Chris Guthrie was recently hired by S & S Air, Inc., to assist the company with its shortterm financial planning and to evaluate the company ’ s performance. Chris graduated from college five years ago with a finance degree. He has been employed in the finance department of a Fortune 500 company since then.
S & S Air was founded 10 years ago by two friends, Mark Sexton and Todd Story. The company has manufactured and sold light airplanes over this period, and the company ’ s products have received high reviews for safety and reliability. The company has a niche market in that it sells primarily to individuals who own and fly their own airplanes. The company has two models: The Birdie, which sells for $53,000, and the Eagle, which sells for $78,000.
S & S Air is not publicly traded, but the company needs new funds for investment opportunities.
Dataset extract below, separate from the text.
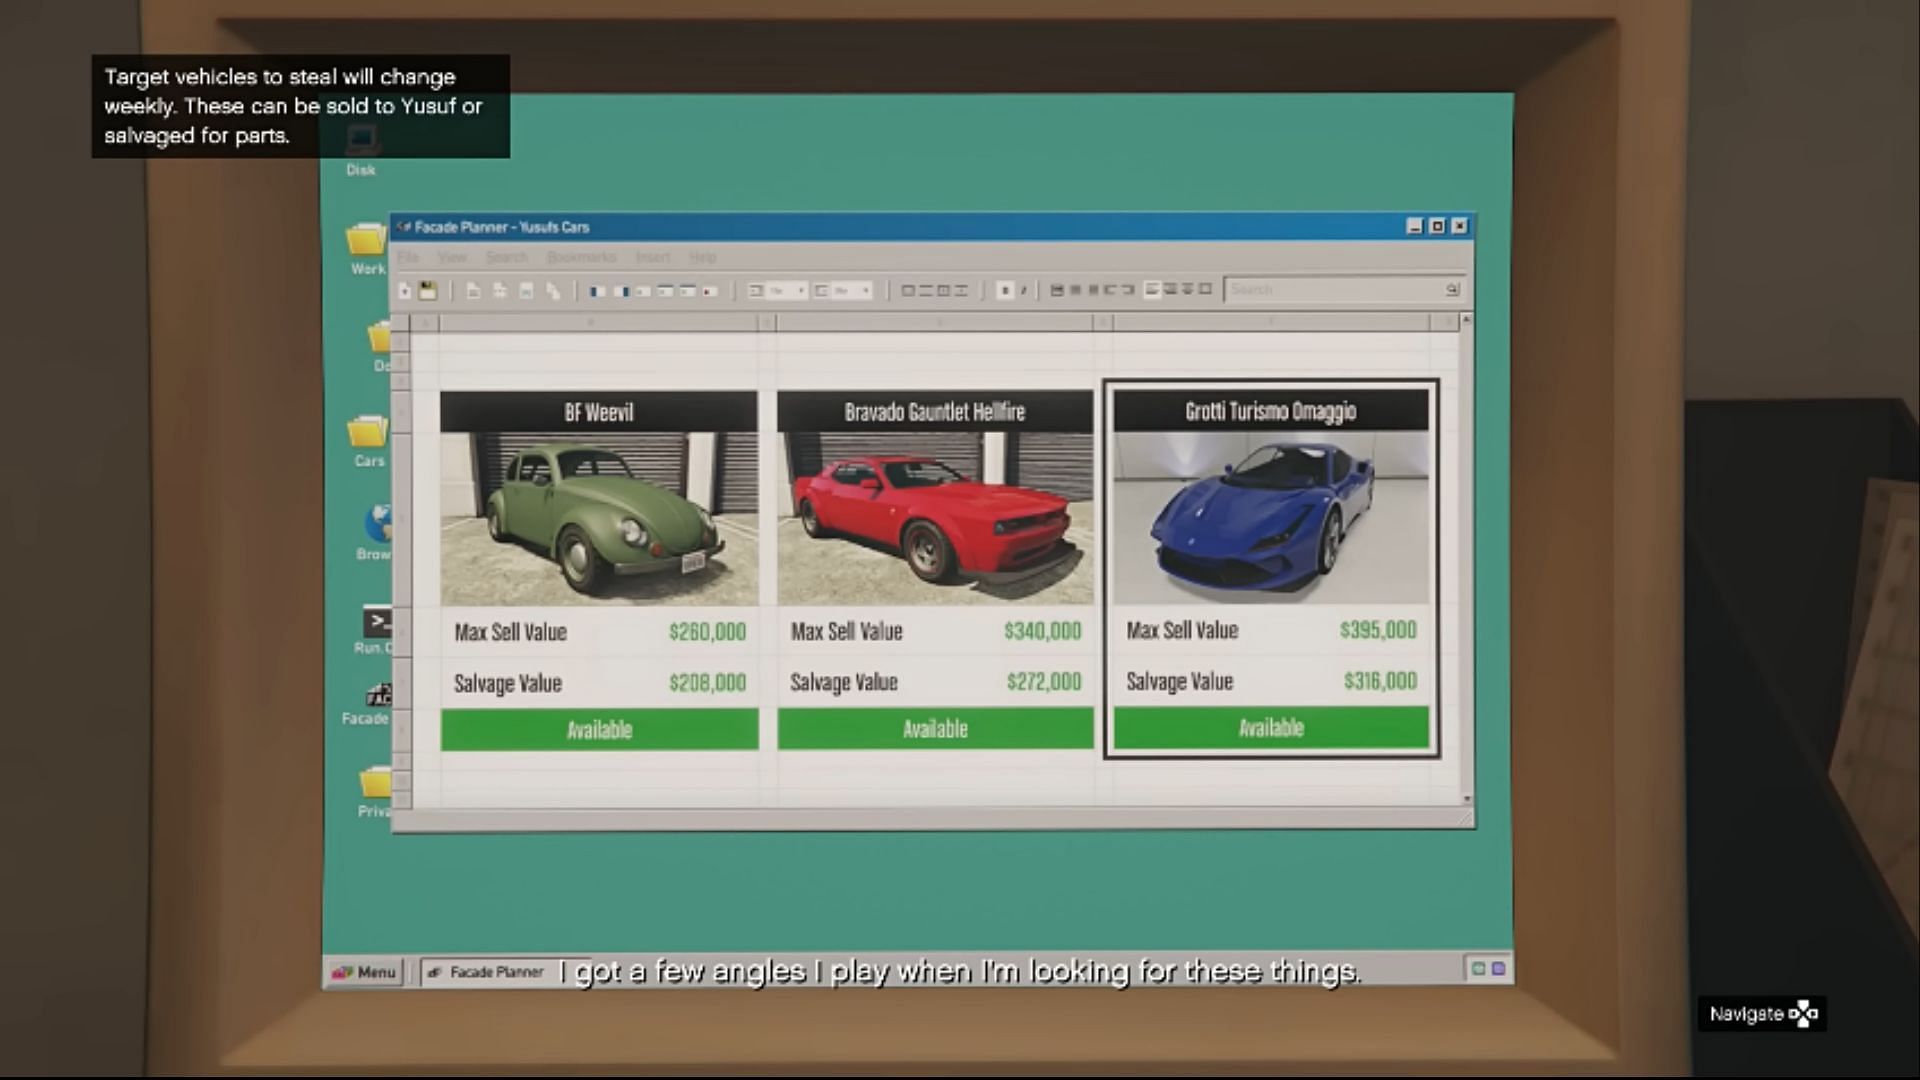 GTA Online Vehicle Robberies can be started from the computer inside the property (Image via YouTube/TGG)

In consultation with Tonisha Jones of underwriter Raines and Warren, Chris decided that a convertible bond issue with a 20-year maturity is the way to go. He met with the owners, Mark and Todd, and presented his analysis of the convertible bond issue.
Because the company is not publicly traded, Chris looked at comparable publicly traded companies and determined that the average PE ratio for the industry is 17.5. Earnings per share for the company are $1.75. With this in mind, Chris concluded that the conversion price should be $45 per share.
Several days later Todd, Mark, and Chris met again to discuss the potential bond issue.
Both Todd and Mark have researched convertible bonds and have questions for Chris.
Todd begins by asking Chris if the convertible bond issue will have a lower coupon rate than a comparable bond without a conversion feature. Chris replies that to sell the bond at par value, the convertible bond issue would require a 5 percent coupon rate with a conversion value of $680.56, while a plain vanilla bond would have an 8 percent coupon rate.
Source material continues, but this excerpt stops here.